Every month, you’ll get a bill from PG&E that details how much energy you used from the grid, how much your solar panels generated, and how much you owe or how much credit you have. The monthly statement will also include a True-Up update, that gives you an estimate of how much you will owe at the end of your 12-month billing period, as well as the date it will come due.
This could be a good thing – or a bad thing – depending on how you budget. For example, if you end up using a small amount of energy more than your solar panels make every month, you could end up with a pretty big bill at the end of your 12-month period.

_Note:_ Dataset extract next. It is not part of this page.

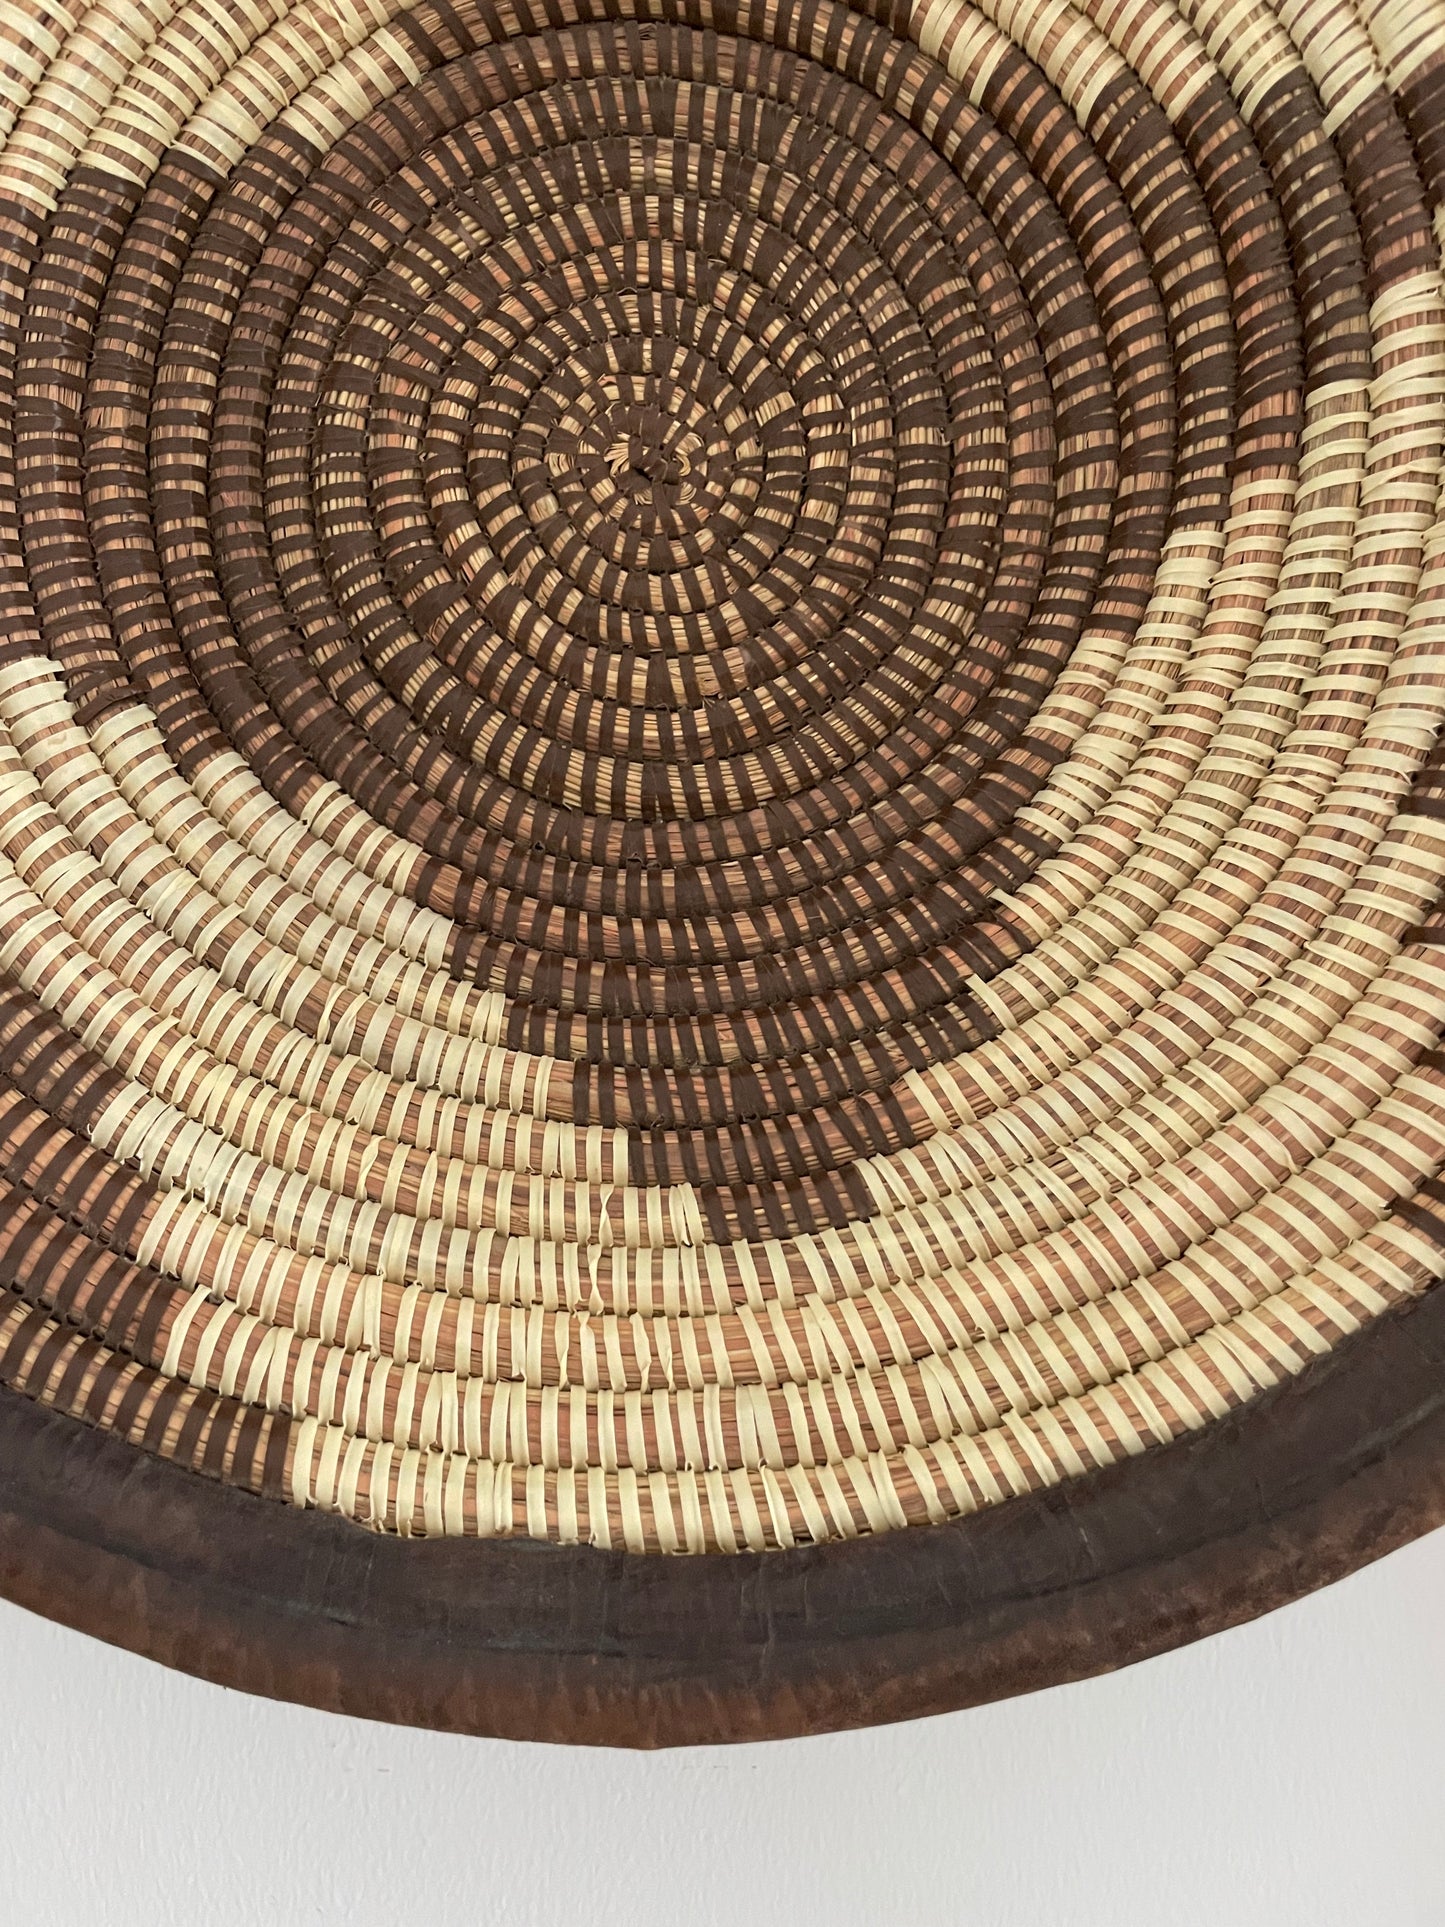 Wicker baskets for wall or table. Braided in elephant grass with leather or textile edging. Fair Trade from Senegal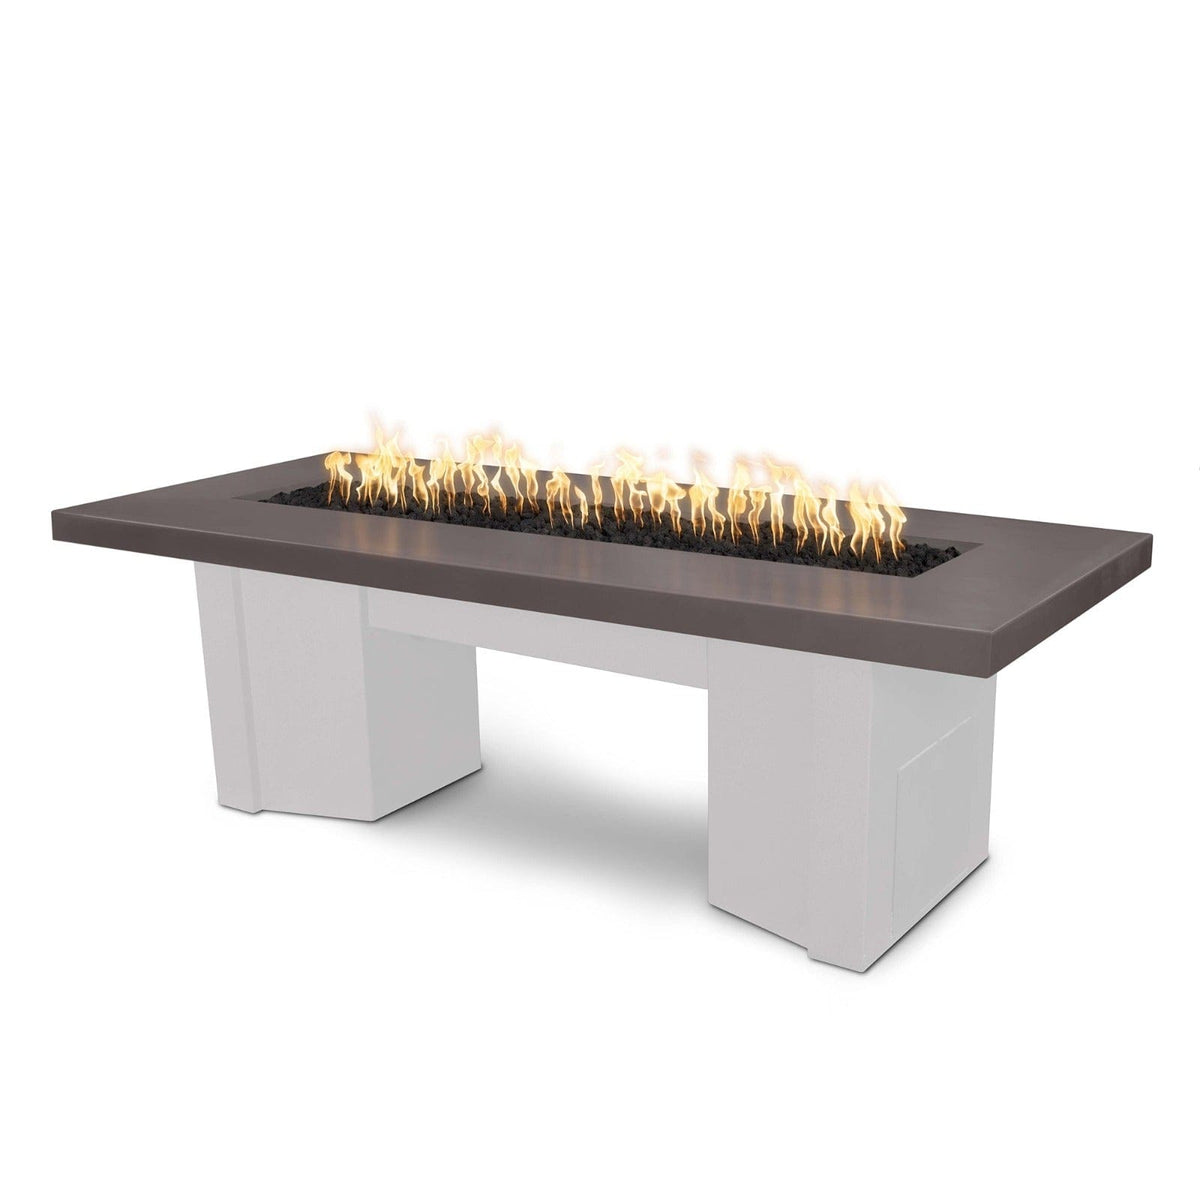 The Outdoor Plus Fire Features Chestnut (-CST) / White Powder Coated Steel (-WHT) The Outdoor Plus 60&quot; Alameda Fire Table Smooth Concrete in Liquid Propane - Match Lit with Flame Sense System / OPT-ALMGFRC60FSML-LP

Make sure to size your system to meet all your needs throughout the year! The best way to ensure your system is sized correctly for your specific home is by working with a reputable installer that will help you gauge your monthly electricity usage.
PG&E has a pretty good guide about the best way to learn your month-to-month invoice and the way the True-Up assertion works. And in case you don’t love paying for power annually, you’ll be able to request a month-to-month True-Up, however you gained’t get full credit score in case you generate plenty of additional power in a single month.
Essential word: NEM 2.0 goes away quickly! The California Public Utilities Fee (CPUC) is presently deliberating on adjustments to the NEM program, together with decreased compensation for photo voltaic power and new charges for photo voltaic house owners. The CPUC will announce the design of NEM 3.0 in January 2022. Begin the method of going photo voltaic NOW if you wish to be certain that to get on NEM 2.0 and keep away from the brand new adjustments that would tremendously cut back the monetary advantages of going photo voltaic in California.
Do you have to purchase photo voltaic batteries?
It’s essential to notice right here that residence photo voltaic batteries haven’t reached the purpose the place they pay again their price like photo voltaic panels do. The distinction between on and off-peak power costs is comparatively small, so the financial savings you will get through the use of saved photo voltaic power from 4-9 pm often aren’t sufficient to make the battery price it by itself.
What batteries are superb at is holding essential lights and home equipment operating within the occasion of a grid outage—one thing that’s been occurring extra usually as PG&E tries to stop forest fires. The peace of thoughts that comes with figuring out you’ve gotten backup energy if the grid goes down is invaluable to lots of people.
Learn our guide to the best solar batteries to find out more about current solar batteries on the market.
California has recognized how important backup can be, and now offers millions of dollars in statewide battery incentives under the Self-Generation Incentive Program (SGIP). Homeowners in PG&E territory can now get rebates of between $.20 and $1.05 per watt-hour (Wh) of storage in a battery they buy for their home.
To put that in perspective, the Tesla Powerwall home battery stores 13.5 kWh and costs $10.500, before the rebate, to install. The standard rebate for the Powerwall would be $2,700. The state offers additional rebates for customers who are low income, have medical needs, or live in areas with high fire risk. These homeowners qualify for an “Equity Resiliency” rebate (which is part of SGIP) that would cover the whole cost of the battery. That’s worth it.